Organocatalytic nitrogen transfer to C=C bonds provides straightforward access to aziridines under mild conditions with low financial and environmental impacts; however, previous methods were typically limited to conjugated C=C bonds (that is, activated olefins), whereas aziridination of isolated C=C bonds (that is, unactivated olefins) remains underexplored. Here we demonstrate a strategy for nitrogen transfer to unactivated olefins by utilizing electron-deficient ketones as catalysts. An oxaziridine intermediate, generated in situ from the ketone catalyst and a nitrogen source, transfers nitrogen to unactivated C=C bonds preferentially over activated C=C bonds. This ‘unusual’ chemoselectivity, as well as the enantioselectivity realized through the use of a chiral ketone catalyst, cannot be achieved by previously developed methods that are based on either organocatalysts or metal catalysts. Moreover, mechanistic studies through modified mass spectrometry allow capture and further investigation of the transient oxaziridine intermediate, establishing its essential role in this nitrogen transfer process.

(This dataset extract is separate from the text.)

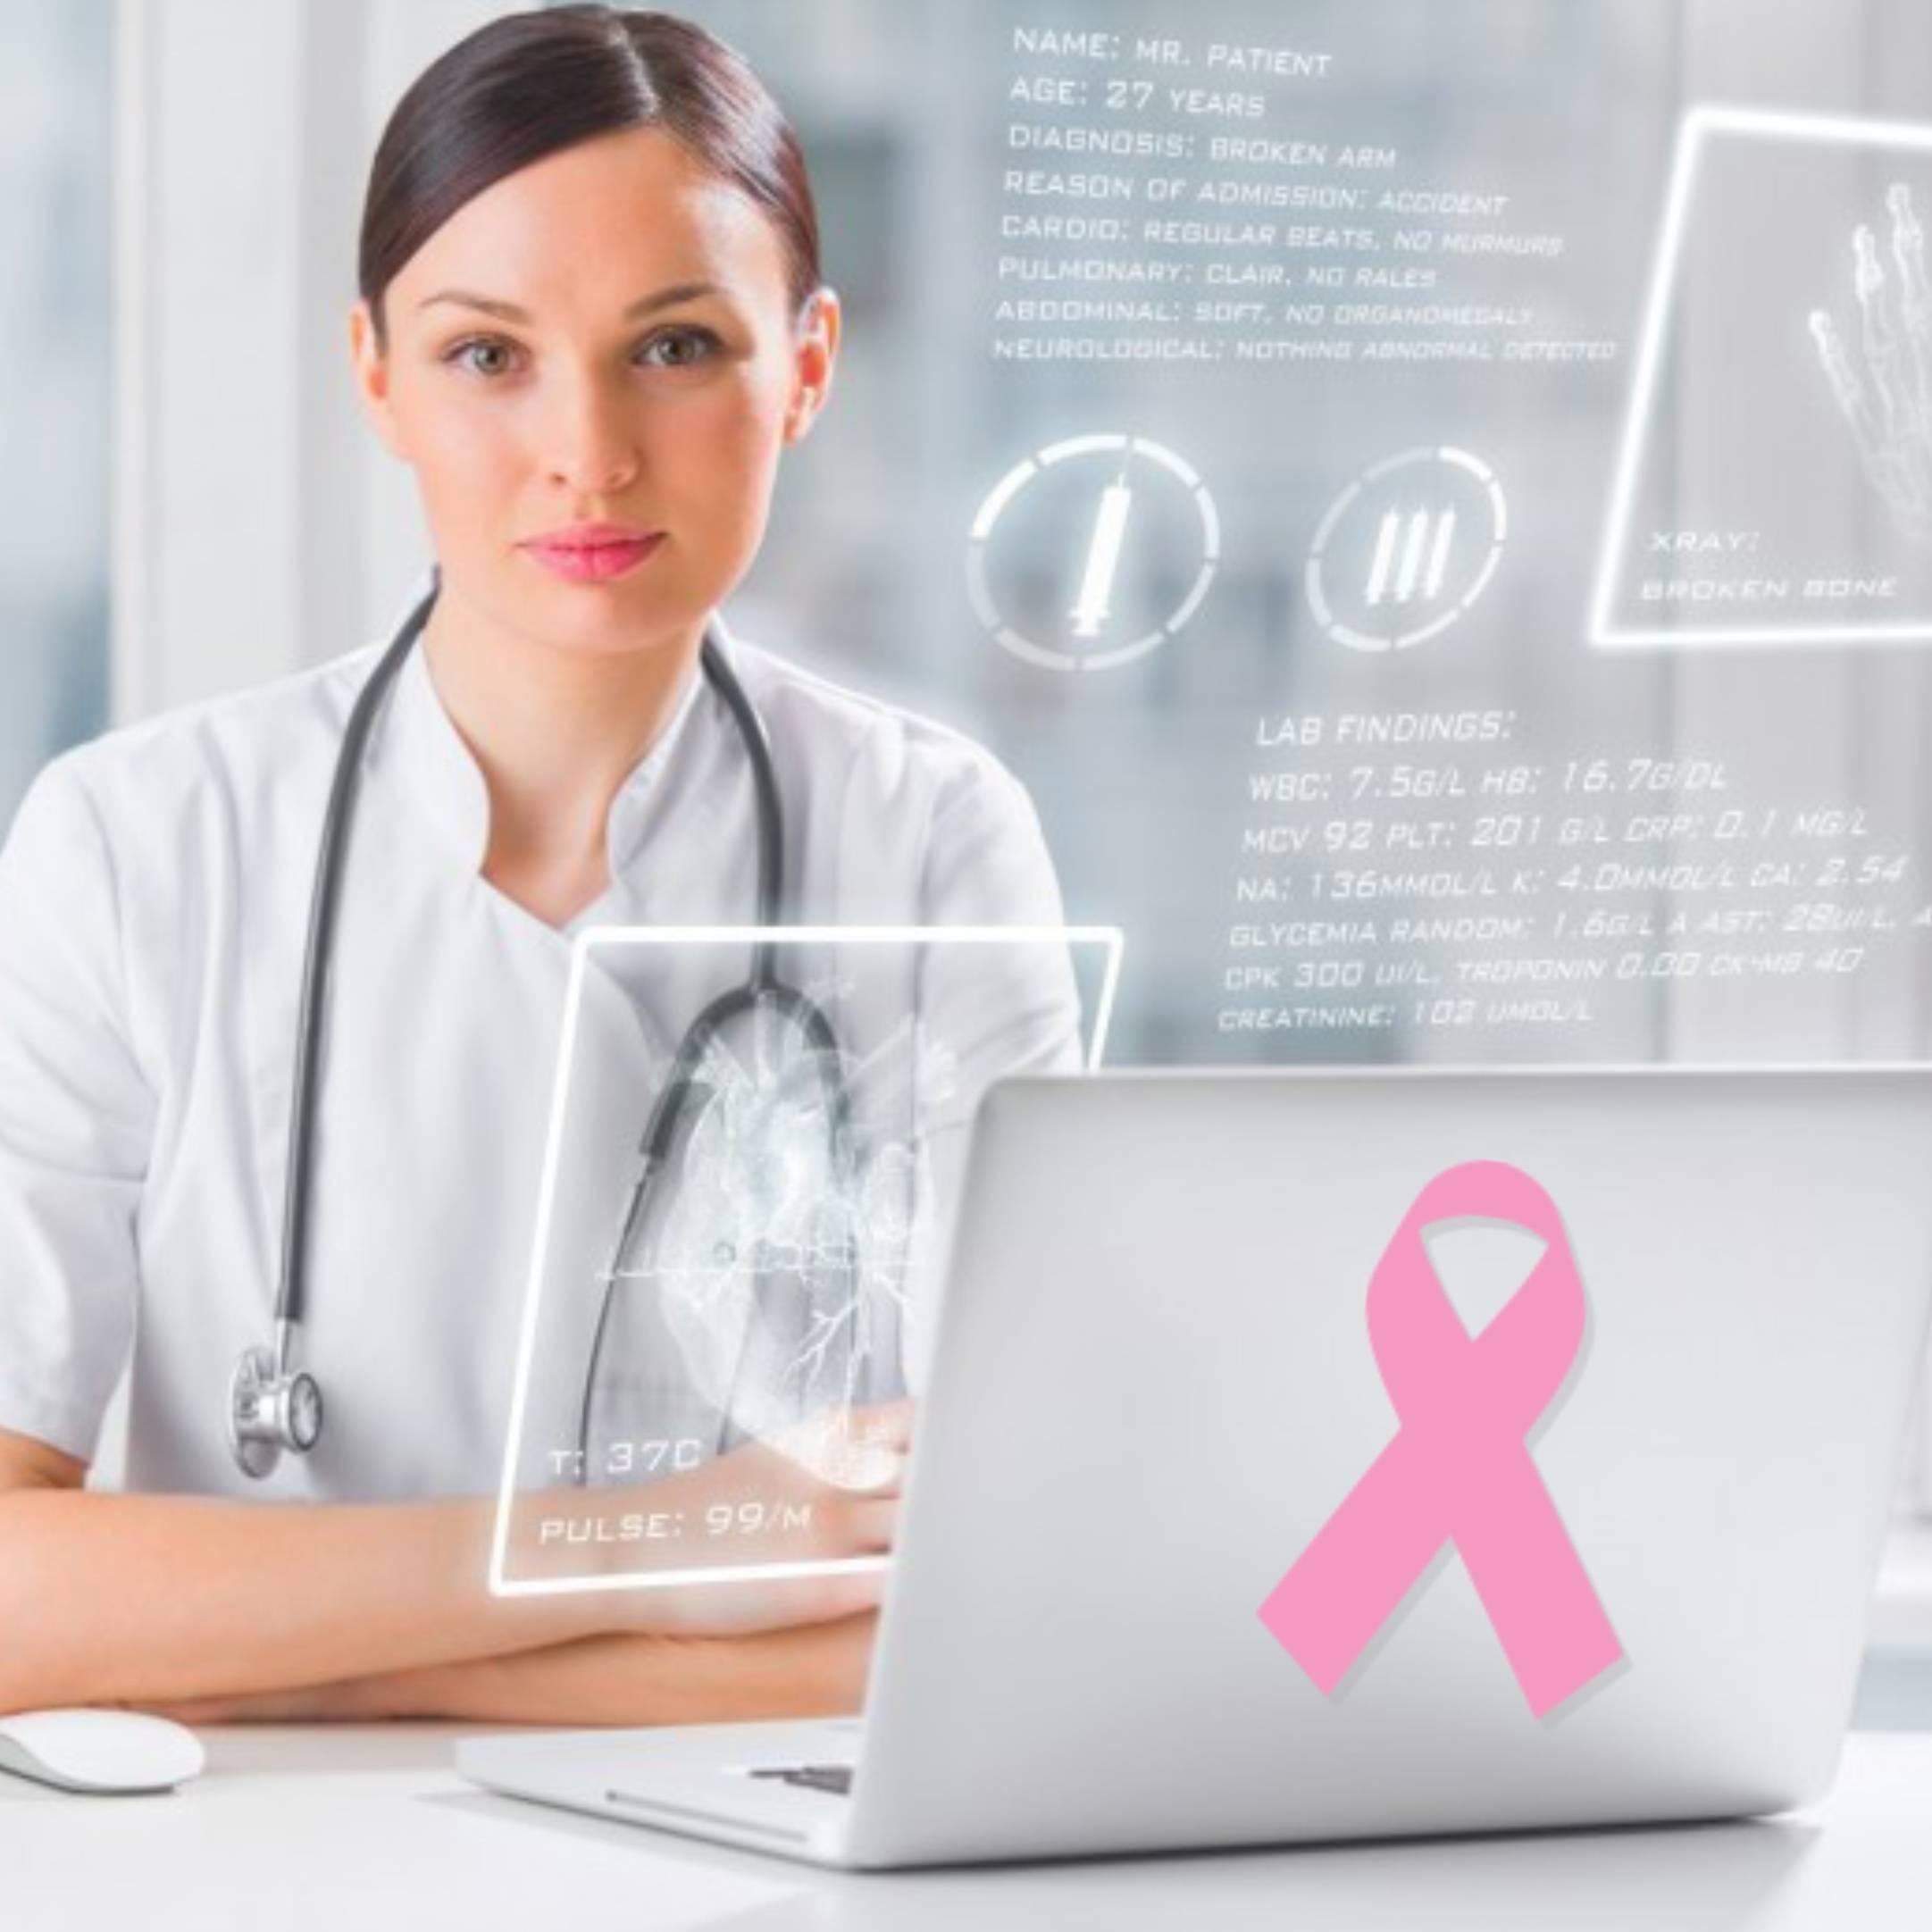 Лечение рака в германии, клиника вивантес в берлине

有机催化氮转移至C = C键可在温和条件下直接获得氮丙啶，而对财务和环境的影响很小；但是，以前的方法通常仅限于共轭C = C键（即活化的烯烃），而孤立的C = C键（即未活化的烯烃）的叠氮化仍未得到充分研究。在这里，我们展示了利用缺电子的酮类作为催化剂将氮转移至未活化烯烃的策略。由酮催化剂和氮源原位产生的恶唑烷中间体比活化的C = C键优先转移氮到未活化的C = C键。这种“不寻常的”化学选择性以及通过使用手性酮催化剂实现的对映选择性，以前开发的基于有机催化剂或金属催化剂的方法无法实现。此外，通过改进的质谱仪进行的机理研究允许捕获和进一步研究瞬态恶唑烷中间体，从而确定其在氮转移过程中的重要作用。